The Romulan nodded. “So to mine, we’d have to dig deeper. But on the nightside, not as deep. So that’s where the mines are and…that’s where most of the miners live.”
Picard mulled over Nran’s information. Given the two extremes of illumination on the planet, he’d wondered if there might be a second offshoot of the Romulans with eyes that could tolerate bright light. But if most of the Remans lived underground in darkness, then it followed that most of the Remans would be intolerant of light.
“So, how is it that you came to live on the dayside?” Picard asked.
“We chose to go there,” Nran said. “After Shinzon.”
“You’re allowed to do that?” Picard asked, truly puzzled. “Choose your own living arrangements? On Remus?”
Nran looked at Norinda again, and if she said something to him, Picard couldn’t see past the back of her chair.
“Since Shinzon,” Nran said, “things have been different on Remus.”

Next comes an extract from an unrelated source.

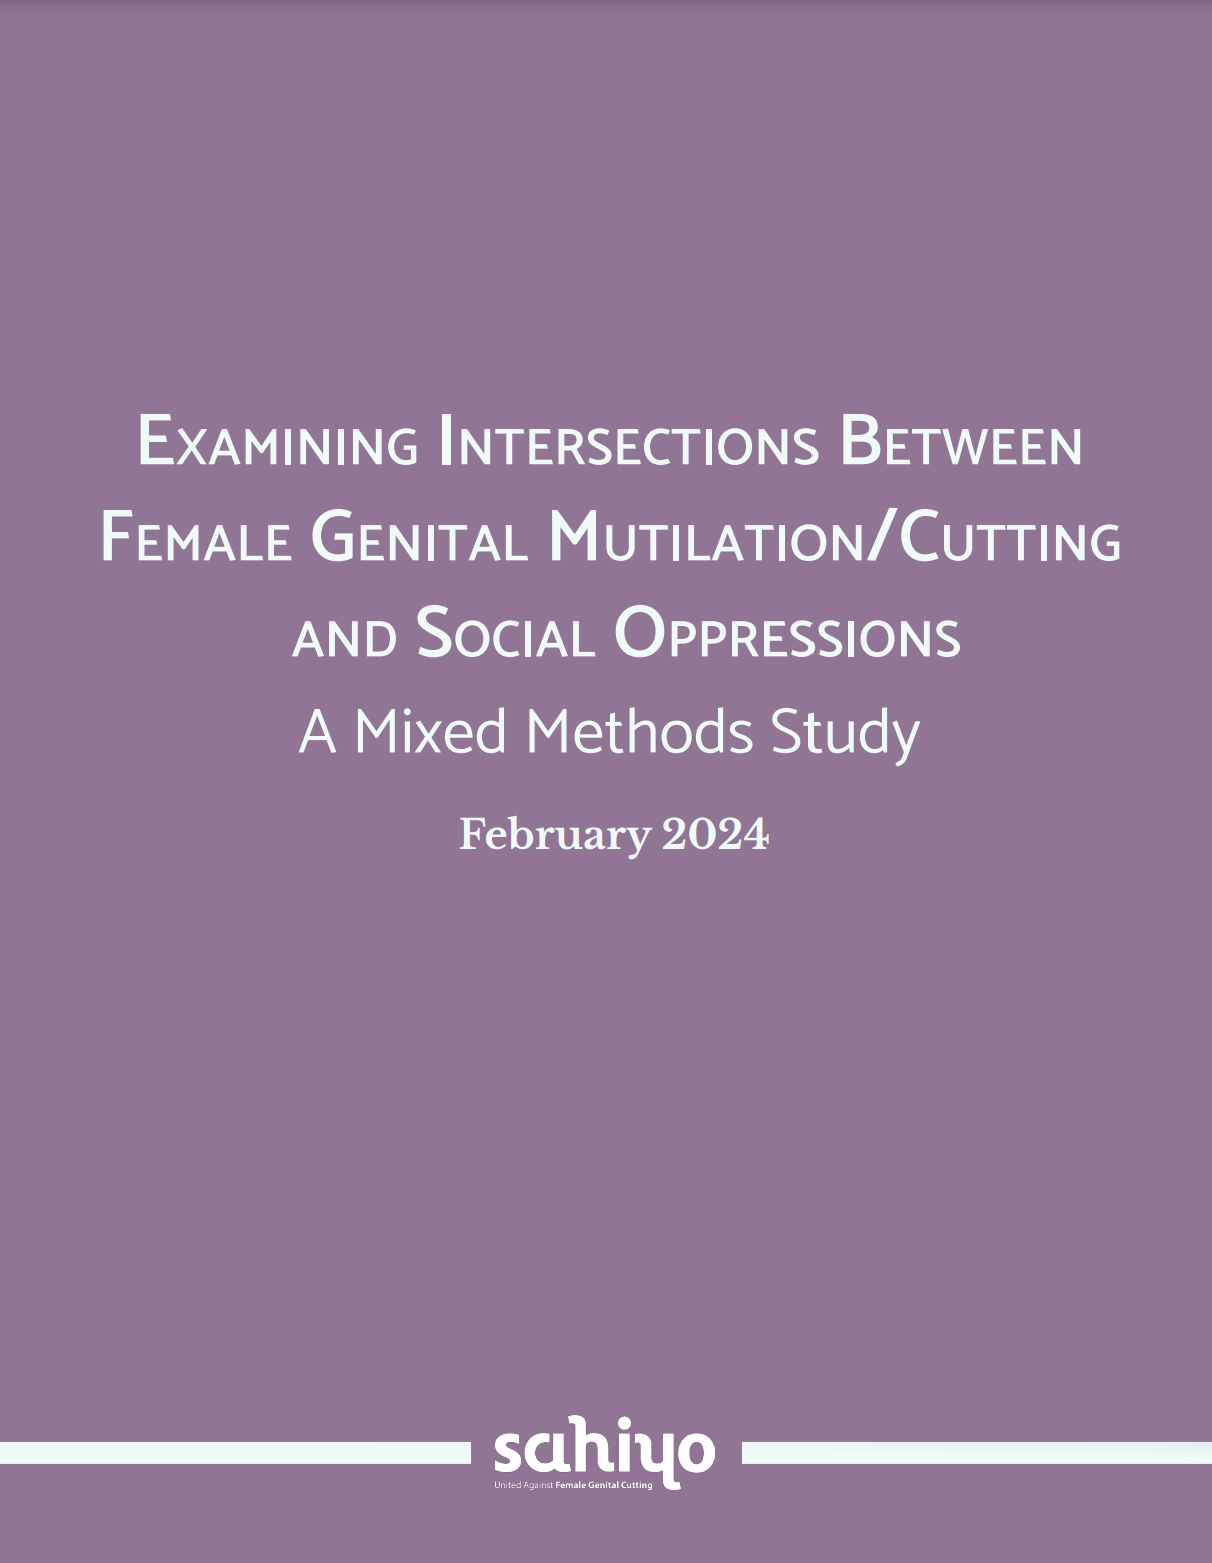 This image for Examining Intersections Between Female Genital Mutilation/Cutting And Social Oppressions: A Mixed Methods Study
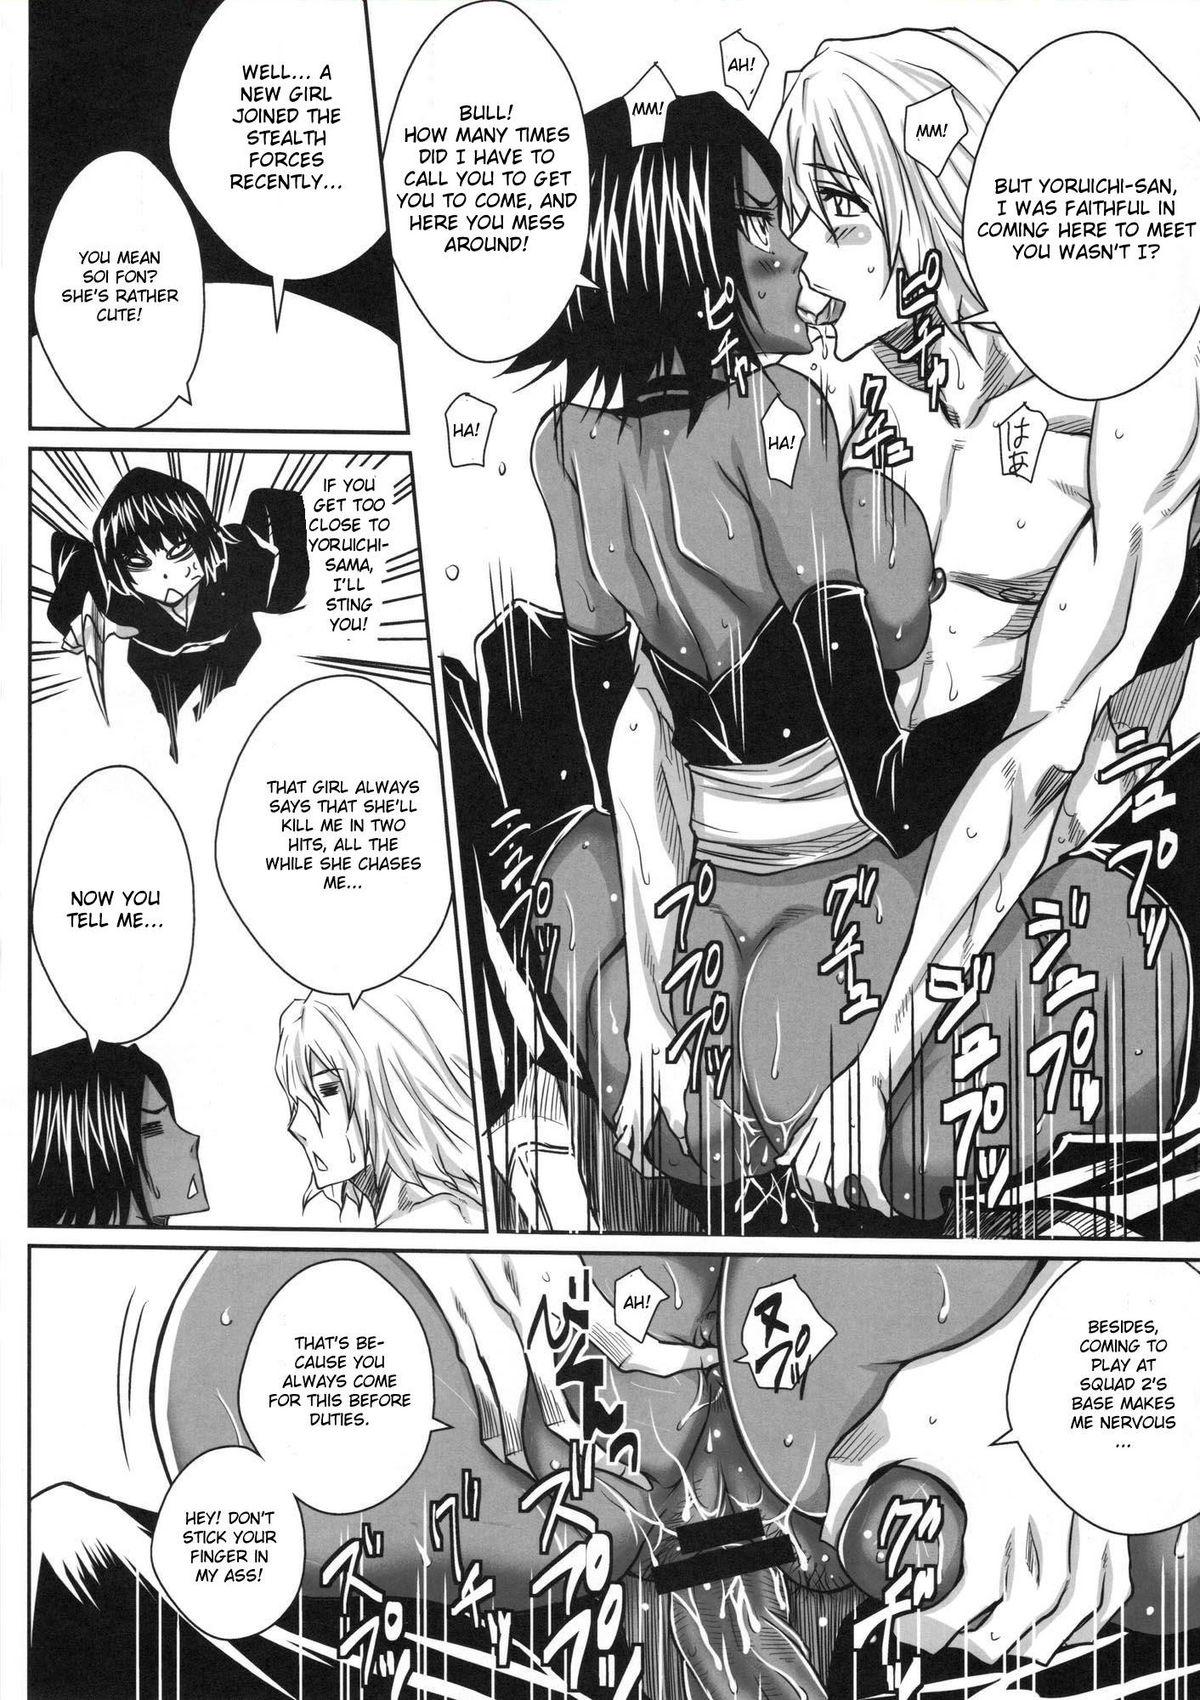 Mouth Yoru | Night - Bleach Married - Page 4

“Different in the sense that things are better?”
Nran was about to answer again, but Norinda reached out to touch his arm, the contact instantly making Nran lose his train of thought.
“Just different,” Norinda said. “Almost home.”
She touched a control and the viewport darkened. A moment later the swollen red star of the Romulan home system blazed against the viewport, and Picard thought it likely that without its protective tint, they all might have been temporarily blinded.
A chime sounded from the controls, and Picard felt the transport dip, and even through the darkened port, he could see that on this side of Remus, the black rock shone with a glaring brilliance.
He wondered how it came to pass that Norinda and her followers had been allowed to relocate to this side.
He wondered why they would want to.
But then he put those minor questions aside, and thought again of war and betrayal, and how he might be responsible for both.
Not for the first time, he remembered when he had been an explorer, and wondered if that life would ever be his again.
The next betrayal was Norinda’s.
The transport landed smoothly on a target pad, then floated on antigrav skids to an airlock carved into the side of a small mountain.
An armored door swung down, and the entire chamber, easily the size of the Enterprise’s own hangar deck, was re-pressurized in seconds.
Norinda opened the side hatch of the transport and was the first to leave. Nran followed. Picard helped Joseph out, treating the hologram exactly as he would the real child, not daring to pass a signal even by the slightest eye contact, having no way to tell what level of surveillance they might be subject to.
Then they stepped down from the transport’s hatch ladder to find three Reman guards waiting for them, eyes protected by dark visors, armed with drawn disruptors.
With the deadline of Opposition so close and unchangeable, Picard abandoned civil negotiation. “What is the meaning of this?” he demanded.